2019 CMCS Keynote – Basuli Deb

CMCS 8th International Conference
Bridging Gaps: Re-Fashioning Stories for Celebrity Counterpublics

Basuli Deb, PhD
Global Scholar, Rutgers University, & CUNY faculty

Day 1 – Opening Afternoon Keynote

From MeToo to UsToo: Celebrity Counterpublics to Migrant Counterpublics

In 2006 African-American civil rights activist Tarana Burke, herself a survivor of sexual violence and a youth activist working largely with children of color, coined the phrase “Me Too” after hearing a young girl’s testimony of sexual abuse. Since then “Me Too” became Burke’s mantra for a campaign to help girls and women who have been targets of sexual harassment, abuse, or assault. In 2017 actor Alyssa Milano’s Me Too hashtag went viral when she tweeted encouraging others survivors to reply back to her with “Me Too”. Milano’s tweet came in the wake of the October 5, 2017 New York Times investigation report on the sexual harassment and assault charges against film producer Harvey Weinstein. The overnight following Milano’s celebrity status generated for the movement was enormous. However, powerful as this celebrity inspired feminism of 2017 has been in foregrounding sexual violence at the workplace, it has generated coalitions among a particular class of society. There needs to be recognition of distinctively different stories of working class and immigrant cisgender women and LGBTQ people as well as visa holding temporary workers in the United States who have faced gender based, racial, and national origin discrimination at the workplace, intensified by their economic and legal vulnerability. I argue that it is time for an UsToo Movement to actively work in bringing to the forefront the testimonies of economic violence that often accompanies gender based discrimination where perpetrators discriminate with impunity, often counting on the vulnerable positions of these populations to assume their own invincibility. Extending popular storytelling beyond celebrity culture to include first-hand accounts and visual evidence from those least empowered to speak out against gender based workplace discrimination because of their economic, legal, and racial/ethnic precarities, redistributes power in the workplace in a way that an elite class based movement cannot. I situate my keynote in the context of the Truth and Reconciliation Commission of South Africa which came under criticism for granting reparations for violence during apartheid by prioritizing sexual and bodily violence on women above economic violence.


Basuli Deb is a Global Scholar at the interdisciplinary Institute for Research on Women (IRW) at Rutgers-New Brunswick and a CUNY faculty in English and Women’s and Gender Studies departments. Her work is intersectional and transnational, and she teaches/mentors at the undergraduate and graduate levels. Deb has published a monograph Transnational Feminist Perspectives on Terror in Literature and Culture, multiple sole authored peer-reviewed articles, and co-edited a special issue and two anthologies including Building Bridges in Celebrity Studies. She is now completing another monograph project on a transnational feminist rapprochement between indigeneity and immigration called Breaking Borders, Building Bridges, and working on a third monograph project called Come, Cross the Line: Celebrity Lifestyles and Public Intellectualism that deploys feminist media studies to examine cross-class celebrity work for social transformation. As a featured author, critic, and filmmaker, Deb has been interviewed in journals, print media, conference platforms, television, and web broadcasts. She continues to serve as an invited speaker on academic and public debates at campuses, consulates, and foundations across the US and abroad, and as an external expert for various institutes/organizations.

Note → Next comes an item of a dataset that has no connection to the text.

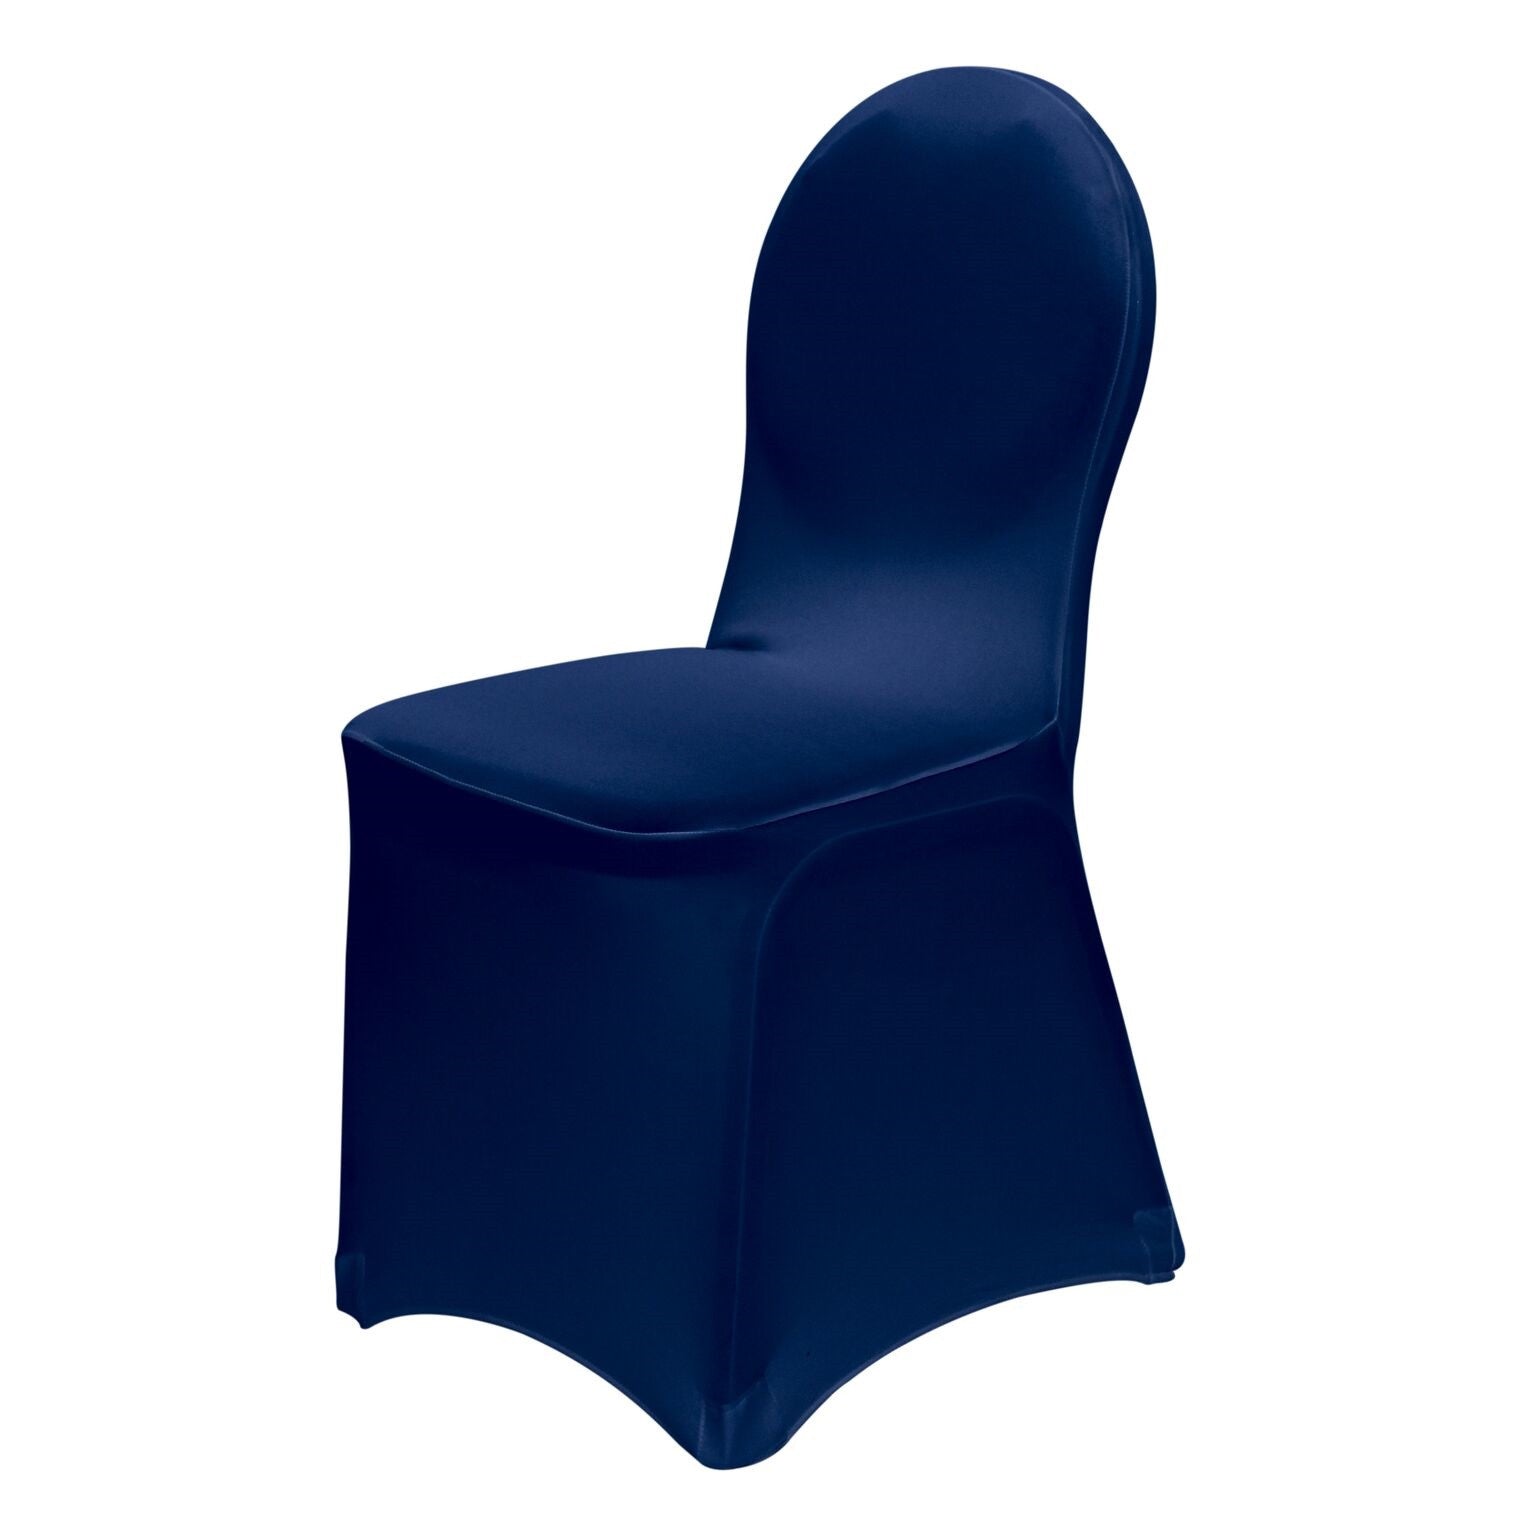 Buy Banquet Chair Cover - Made Of Spandex Cloth

Currently, on the steering committee of the MLA Radical Caucus, she has served in various leadership capacities, such as the MLA Delegate Assembly, the Women of Color Leadership Project of the National Women’s Studies Association (NWSA), and as a founding member of NWSA’s South Asian Feminist Caucus. A Distinguished Fellow of the Indian American Intellectuals’ Forum, Deb brings her professional experience in the fields of global issues, gender relations, and feminist leadership to US foreign policy dialogues. A public feminist, Deb has partnered with NYC Mayor’s Commission on Gender Equity to promote the UN campaign called 16 Days of Activism Against Gender-Based Violence. She is involved with the NGO Committee on the Status of Women that supports the work of the UN Commission on the Status of Women and UN Women. Deb is also a creative writer and media artist, and is invested in social entrepreneurship that implements feminist ideas on the ground, particularly through progressive use of media, social media, and technology. This has led to Deb’s engagements in innovative research partnerships in digital humanities and sociology to bring gendered perspectives from the global south to climate migration. She also serves on the advisory board of the Centre for Media and Celebrity Studies.